0 Tom More over 5 years ago

Prodigy 190 points

Any thoughts?

0 jian35385 over 5 years ago in reply to Tom More

TI__Mastermind 23125 points

Tom,

Just read your description and also discussed with my team.

Stalls in the trace data you provided are due to L1 cache load, and we can see they precisely happened at 64byte cache line width. they are expected.

I am curious to understand a bit more about your system - how are these 32KB data being consumed by the CPU? you test code sequentially load from L2 to the same set of registers, but in you real system, what is the pattern they get used? that is where the stall cycles get filled usually.

If you definitely need to load all data to max number of available registers, there may be a suggestion similar to the __touch:
1. Partition the L1D with 8KB SRAM
2. Do a manual "touch", where you use DSP to access first word of every 64bytes
As you may see already, this will only save, if both conditions are true:
1. The 8KB is used multiple times instead of one time. otherwise the cost is the same;
2. your background tasks can live with a smaller L1D cache

let me know if these notes helps. I will close the ticket to satisfy our internal tracking, but it should re-open once you reply.

regards
Jian

0 Tom More over 5 years ago in reply to jian35385

Prodigy 190 points

Jian,

jian35385 said:
I am curious to understand a bit more about your system - how are these 32KB data being consumed by the CPU? you test code sequentially load from L2 to the same set of registers, but in you real system, what is the pattern they get used? that is where the stall cycles get filled usually.

Of course the algorithm is more complex than that, but we can approximate it by MAC operation. The important part is that when all data are in L1 the performance is good. But when data are not already cached in L1, stalls take more time than actual processing. The algorithm has been already optimized so all data needs to be loaded only once and other processing units (.M, .L. .S) are used in parallel to .D. The next processing happens on the same data set. However, periodically the data sets are switched.
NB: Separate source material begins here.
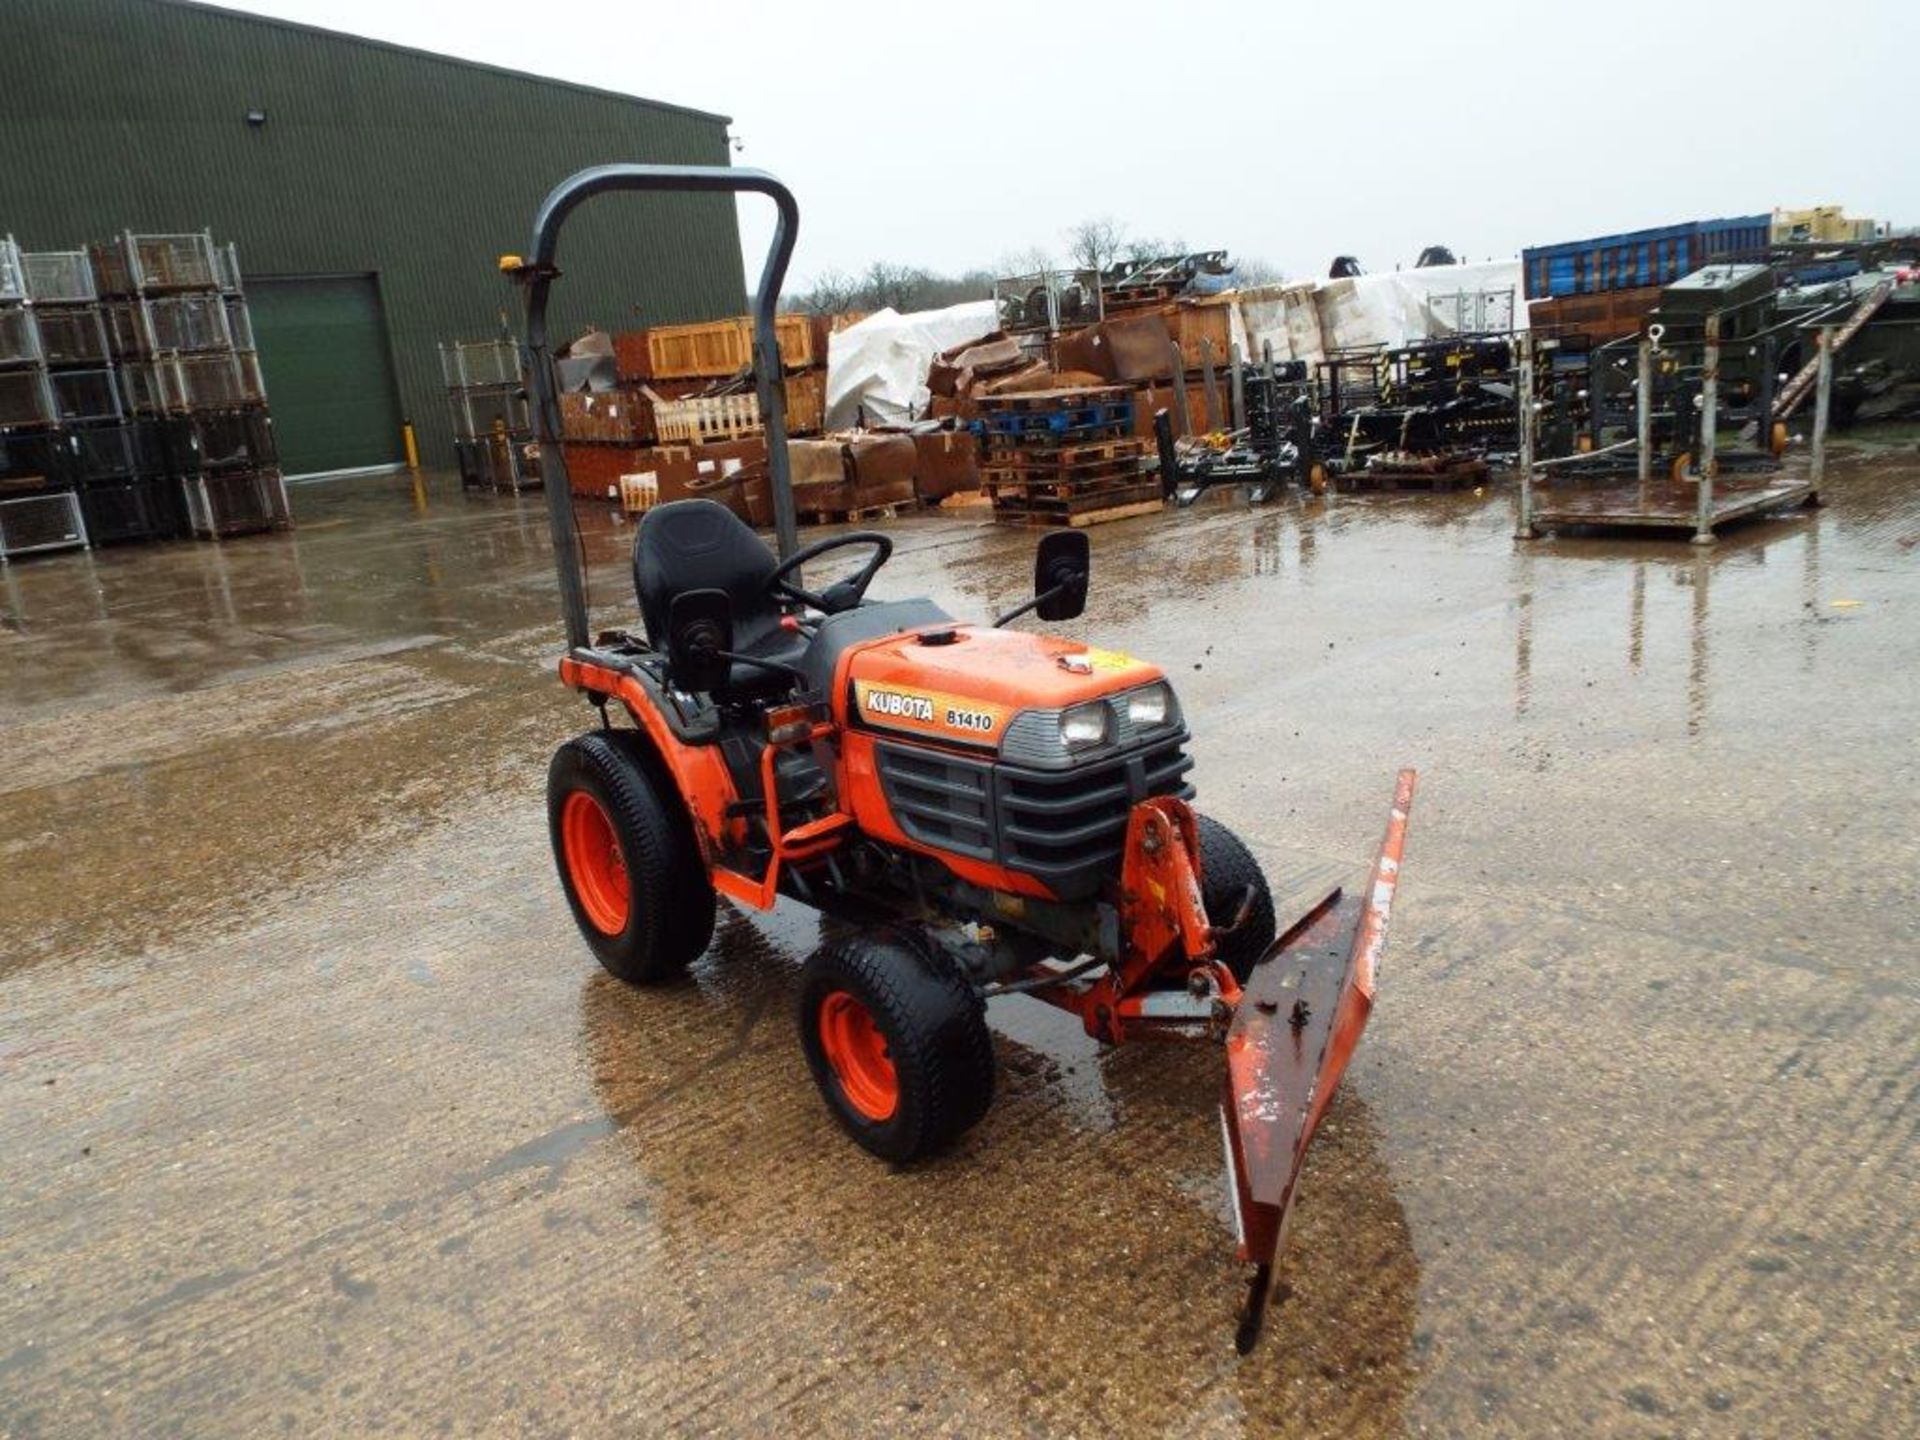 Kubota B1410D 4WD Diesel Powered Compact Tractor with Hydraulic Snow Plough Attachment

This is the situation that I am trying to model in snippet in opening post.

Can you show me an example how to fill stall cycles caused by cache misses inside SPLOOP?

Thanks,

Tom

0 jian35385 over 5 years ago in reply to Tom More

TI__Mastermind 23125 points

Tom,

you mentioned touch function, but I was not sure if you have run across below document:
www.ti.com/.../sprugy8.pdf
There is a detailed example in Section 3.2.2. PP 3-6 with assembly routine.

Note that it is not possible to completely eliminate stalls. instead, if you mast all background traffic, all 32KB can be warmed into the L1D, and parallel D1 and D2 loading stalls save about half the stall cycles.
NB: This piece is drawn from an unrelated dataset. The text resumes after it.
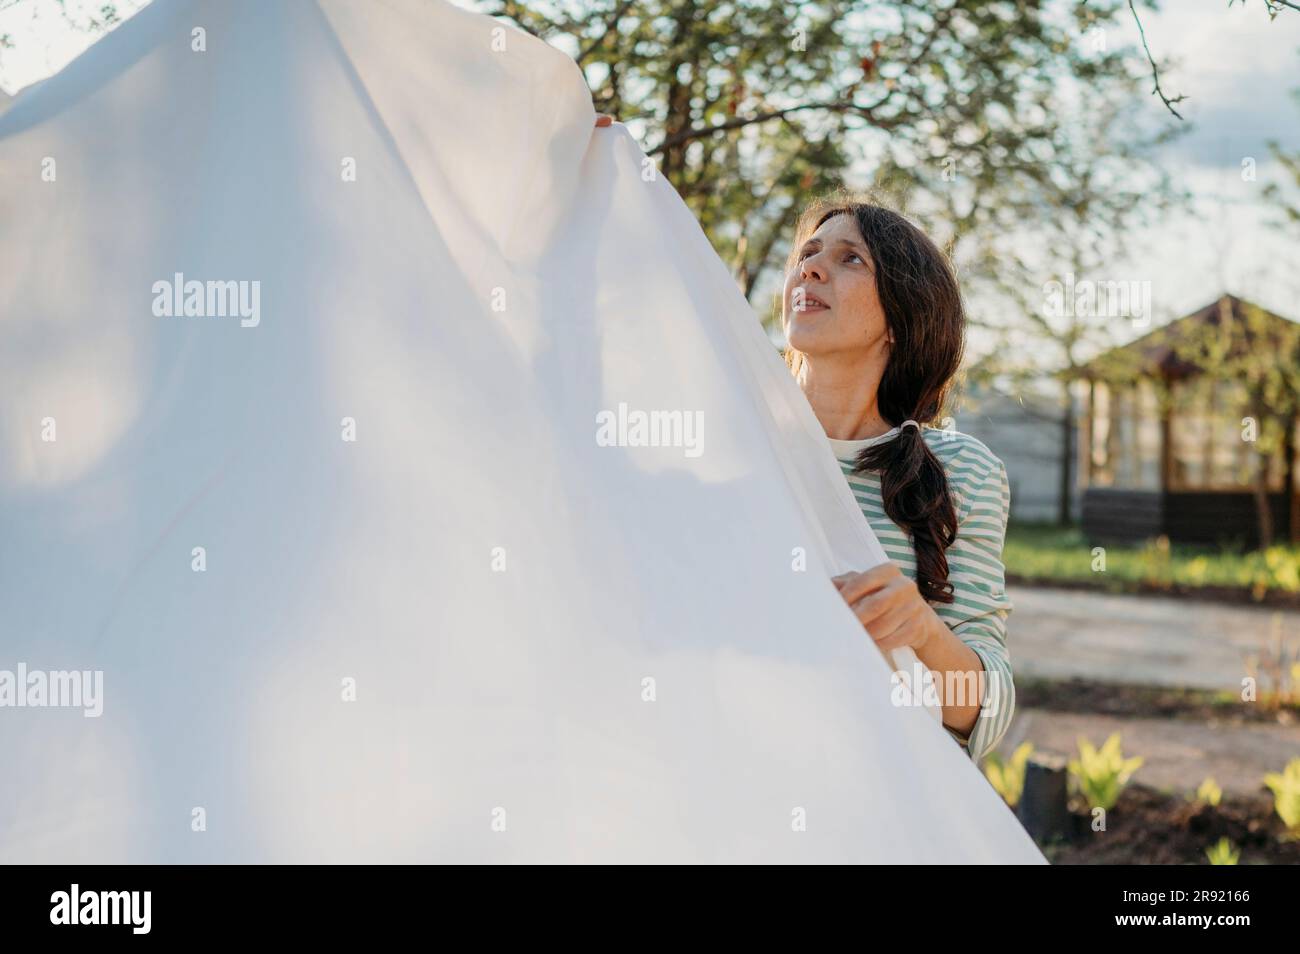 Woman drying white bedding sheet on clothesline in back yard Stock Photo

There are additional optimizations in the assembly routing you might noticed.

Jian

0 Tom More over 5 years ago in reply to jian35385

Prodigy 190 points

Jian,

you are right - accessing data in the order from the touch function in sprugy8 reduces number of stalls. I guess that this is the maximum performance we can get with L1 configured as cache.
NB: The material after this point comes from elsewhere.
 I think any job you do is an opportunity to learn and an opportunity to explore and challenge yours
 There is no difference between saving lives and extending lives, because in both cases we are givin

I am exploring one more option. I am trying to use L1P as SRAM. I plan to use IDMA to transfer data to it from L2 SRAM. However, when the core is accessing the data in L1P there are still 3-4 cycles taken by pipeline stalls. I am not observing this issue when L1D is used as SRAM. Is this caused by larger number of wait states for L1P? What is the most common scenario that benefits from L1P configured as SRAM?

Thanks,

Tom

0 jian35385 over 5 years ago in reply to Tom More

TI__Mastermind 23125 points

Tom,
do you happen to have a similar trace like you captured before? we suspect stalls were due to program execution out of L2.
Jian

0 Tom More over 5 years ago in reply to jian35385

Prodigy 190 points

Jian,

you were right, however after moving the function from OCMC to L2 I am observing even more stalls:

Maybe it is because now L1P needs to be accessed for both code and data? I found also strange that buf data are not zeroed. I am attaching my CCS test project to exclude any possible configuration errors that I could made.

bx15c66_l1p.zip

Thanks,

Tom

0 Tom More over 5 years ago in reply to Tom More

Prodigy 190 points

Actually, the code should be buffered in sploop buffer, so I have no idea why there are so many stalls. Jian can you provide some insight?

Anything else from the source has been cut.